You don't need a report to tell you that many American families are struggling to make ends meet -- and can only dream of the concept of saving. But in case you had any doubt, research released this week by the Consumer Federation of America (CFA) and Certified Financial Planner Board of Standards (CFP Board) confirmed it.
Oh, and one more tidbit for your "well, duh!" file: The survey also shows that those who have prepared a personal financial plan feel more confident and report more success managing money, savings, and investments than those who have not.
While the findings are more depressing than illuminating, they're none the worth sharing, just in case you want to refute someone who is delusional enough to think the economy is doing just fine.
Nearly two-fifths (38%) of the 1,508 household financial decision makers surveyed said they live paycheck-to-paycheck, up from 32% in 1997. Less than one-third (30%) indicated they felt comfortable financially -- down from 38% in 1997 -- and only about one-third (34%) think that they can afford to retire by age 65. The survey was conducted by Princeton Survey Research Associates International (PSRAI).
Those with financial plans -- and, I suspect, jobs -- feel better about their situations than those who don't have them. They're more likely to feel they are on pace to meet all of their financial goals, such as saving for retirement or for emergencies; feel "very confident" about managing money, savings, and investments; and are more likely to describe themselves as living comfortably.
The problem is only 31% of respondents said they had a comprehensive financial plan. About two-thirds (65%), however, reported that they follow a plan for at least one of their savings goals.

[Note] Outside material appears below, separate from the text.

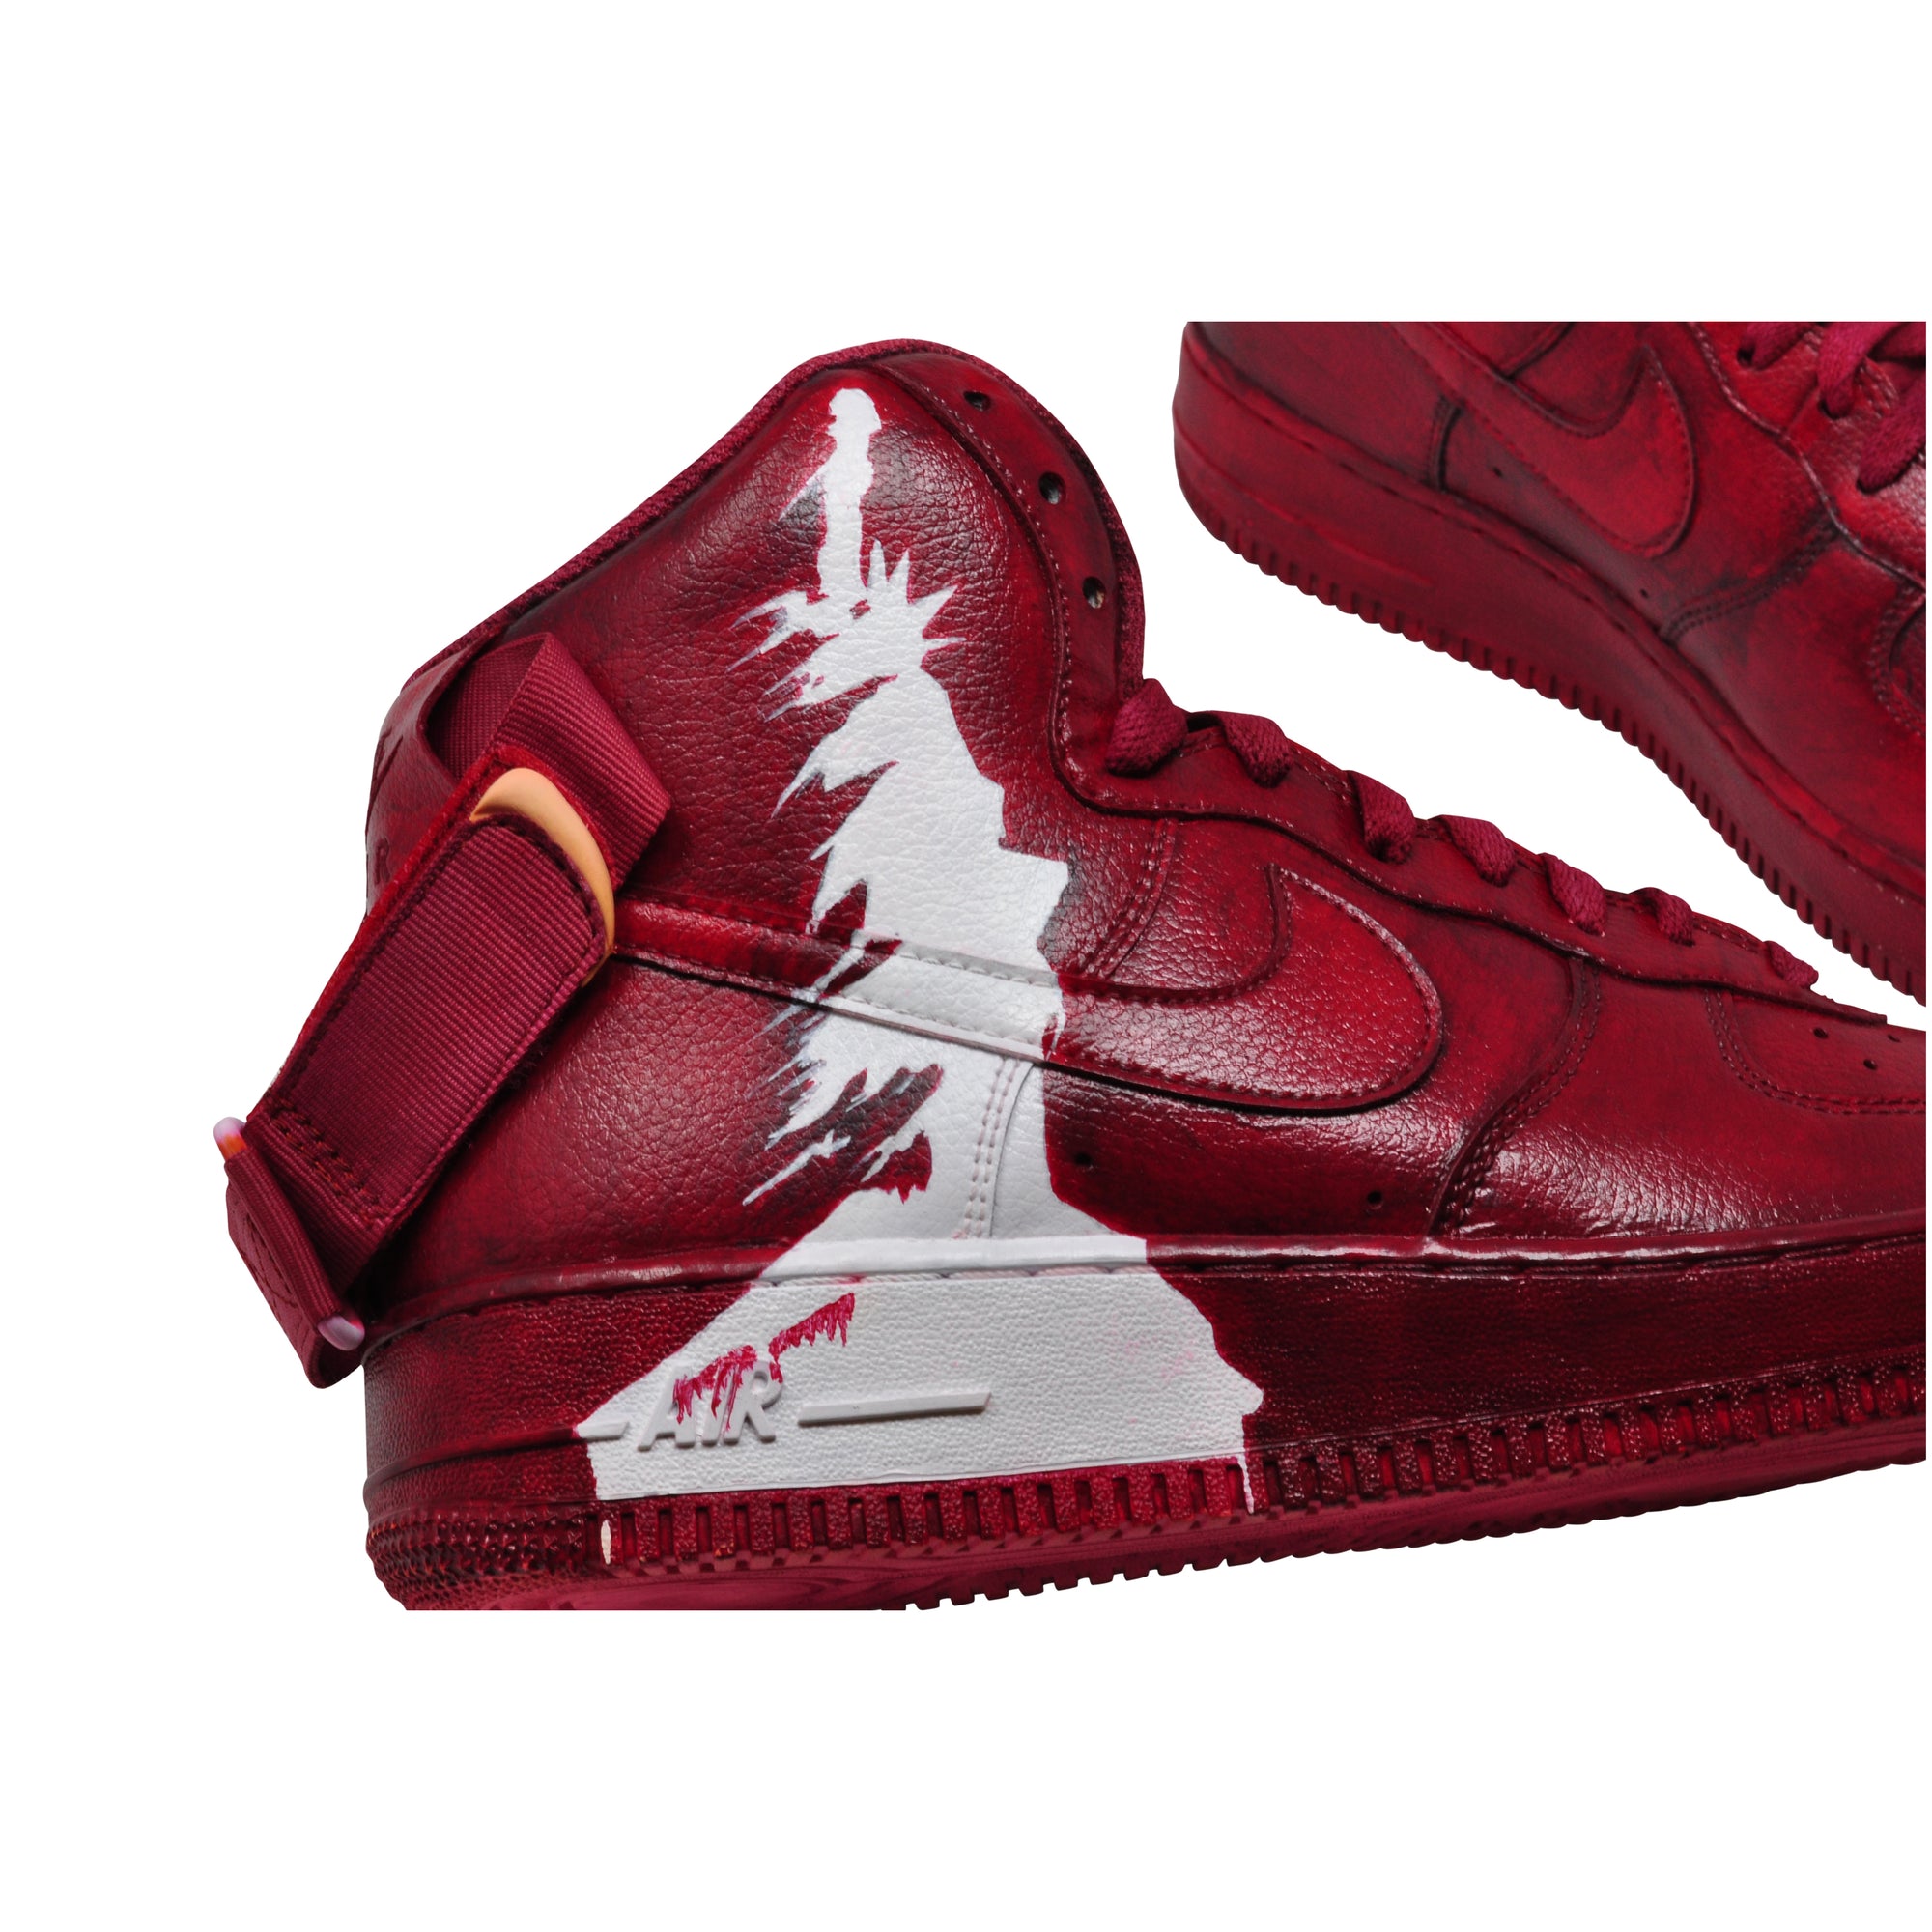 Nike Air Force 1 Splatter Gray Red Blood Custom Shoes Sneakers

The survey also found more than half of respondents said "it's hard for me to know who to trust for financial advice" (55%), "investing seems complicated" (52%), and "I'm worried about losing my money if I invest it" (55%).
Kevin R. Keller, CEO of CFP Board, called those fears understandable given recent revelations about financial fraud, and the manipulation and abuse of clients by dubious financial professionals. Do you agree? More importantly, do you think fear of investing is perpetuating this cycle of financial gloom-and-doom -- paycheck-to-paycheck living, with no real end in sight?